- Data for review -

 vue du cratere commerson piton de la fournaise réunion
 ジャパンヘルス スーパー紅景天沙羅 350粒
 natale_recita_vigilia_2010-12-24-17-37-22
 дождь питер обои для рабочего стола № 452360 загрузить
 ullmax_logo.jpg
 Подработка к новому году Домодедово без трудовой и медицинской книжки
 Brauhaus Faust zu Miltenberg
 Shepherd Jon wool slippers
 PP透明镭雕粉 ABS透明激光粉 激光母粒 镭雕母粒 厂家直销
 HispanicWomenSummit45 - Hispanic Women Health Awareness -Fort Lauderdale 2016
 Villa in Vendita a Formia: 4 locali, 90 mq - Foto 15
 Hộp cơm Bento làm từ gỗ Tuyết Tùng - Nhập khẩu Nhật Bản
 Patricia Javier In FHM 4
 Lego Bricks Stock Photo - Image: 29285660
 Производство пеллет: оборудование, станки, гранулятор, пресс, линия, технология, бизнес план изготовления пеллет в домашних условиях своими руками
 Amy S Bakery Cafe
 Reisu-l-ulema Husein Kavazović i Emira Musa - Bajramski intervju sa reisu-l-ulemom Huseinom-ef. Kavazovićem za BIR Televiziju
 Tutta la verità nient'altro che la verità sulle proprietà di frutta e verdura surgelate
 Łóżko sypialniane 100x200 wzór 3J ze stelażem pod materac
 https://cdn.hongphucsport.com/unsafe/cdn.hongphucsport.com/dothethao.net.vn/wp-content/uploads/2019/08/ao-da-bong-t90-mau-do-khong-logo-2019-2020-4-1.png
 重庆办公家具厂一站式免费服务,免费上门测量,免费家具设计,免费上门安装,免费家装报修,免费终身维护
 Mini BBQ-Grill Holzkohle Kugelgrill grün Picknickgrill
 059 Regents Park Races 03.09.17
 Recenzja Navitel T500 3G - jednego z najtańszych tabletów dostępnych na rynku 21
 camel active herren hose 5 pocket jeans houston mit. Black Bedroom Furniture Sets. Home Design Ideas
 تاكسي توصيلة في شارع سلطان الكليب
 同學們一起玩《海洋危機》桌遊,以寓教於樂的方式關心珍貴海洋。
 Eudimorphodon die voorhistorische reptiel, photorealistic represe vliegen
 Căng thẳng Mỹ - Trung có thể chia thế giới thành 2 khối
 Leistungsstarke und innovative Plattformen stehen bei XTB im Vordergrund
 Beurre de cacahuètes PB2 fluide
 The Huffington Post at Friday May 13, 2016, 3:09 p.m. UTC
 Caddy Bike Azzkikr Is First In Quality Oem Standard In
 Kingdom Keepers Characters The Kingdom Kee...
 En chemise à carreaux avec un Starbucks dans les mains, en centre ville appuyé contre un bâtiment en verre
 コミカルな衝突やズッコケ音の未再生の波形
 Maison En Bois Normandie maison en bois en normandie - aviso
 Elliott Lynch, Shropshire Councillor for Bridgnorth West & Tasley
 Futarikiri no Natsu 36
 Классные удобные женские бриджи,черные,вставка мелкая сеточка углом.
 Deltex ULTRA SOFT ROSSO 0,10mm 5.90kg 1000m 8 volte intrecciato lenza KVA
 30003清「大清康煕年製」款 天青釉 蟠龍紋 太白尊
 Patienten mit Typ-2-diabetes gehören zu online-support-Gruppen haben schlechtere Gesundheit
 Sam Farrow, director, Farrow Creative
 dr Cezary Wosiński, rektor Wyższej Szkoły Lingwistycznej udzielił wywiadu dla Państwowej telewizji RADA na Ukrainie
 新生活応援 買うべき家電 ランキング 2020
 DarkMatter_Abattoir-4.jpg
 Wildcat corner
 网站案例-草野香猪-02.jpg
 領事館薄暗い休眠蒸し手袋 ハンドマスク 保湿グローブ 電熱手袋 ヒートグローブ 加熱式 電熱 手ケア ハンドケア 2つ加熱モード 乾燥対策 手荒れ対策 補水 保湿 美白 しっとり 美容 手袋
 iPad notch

- What the task asks -
Return a word-for-word copy of the lines from the beginning of the listing to the line holding "Amy S Bakery Cafe", both kept.

- Task solution -
 vue du cratere commerson piton de la fournaise réunion
 ジャパンヘルス スーパー紅景天沙羅 350粒
 natale_recita_vigilia_2010-12-24-17-37-22
 дождь питер обои для рабочего стола № 452360 загрузить
 ullmax_logo.jpg
 Подработка к новому году Домодедово без трудовой и медицинской книжки
 Brauhaus Faust zu Miltenberg
 Shepherd Jon wool slippers
 PP透明镭雕粉 ABS透明激光粉 激光母粒 镭雕母粒 厂家直销
 HispanicWomenSummit45 - Hispanic Women Health Awareness -Fort Lauderdale 2016
 Villa in Vendita a Formia: 4 locali, 90 mq - Foto 15
 Hộp cơm Bento làm từ gỗ Tuyết Tùng - Nhập khẩu Nhật Bản
 Patricia Javier In FHM 4
 Lego Bricks Stock Photo - Image: 29285660
 Производство пеллет: оборудование, станки, гранулятор, пресс, линия, технология, бизнес план изготовления пеллет в домашних условиях своими руками
 Amy S Bakery Cafe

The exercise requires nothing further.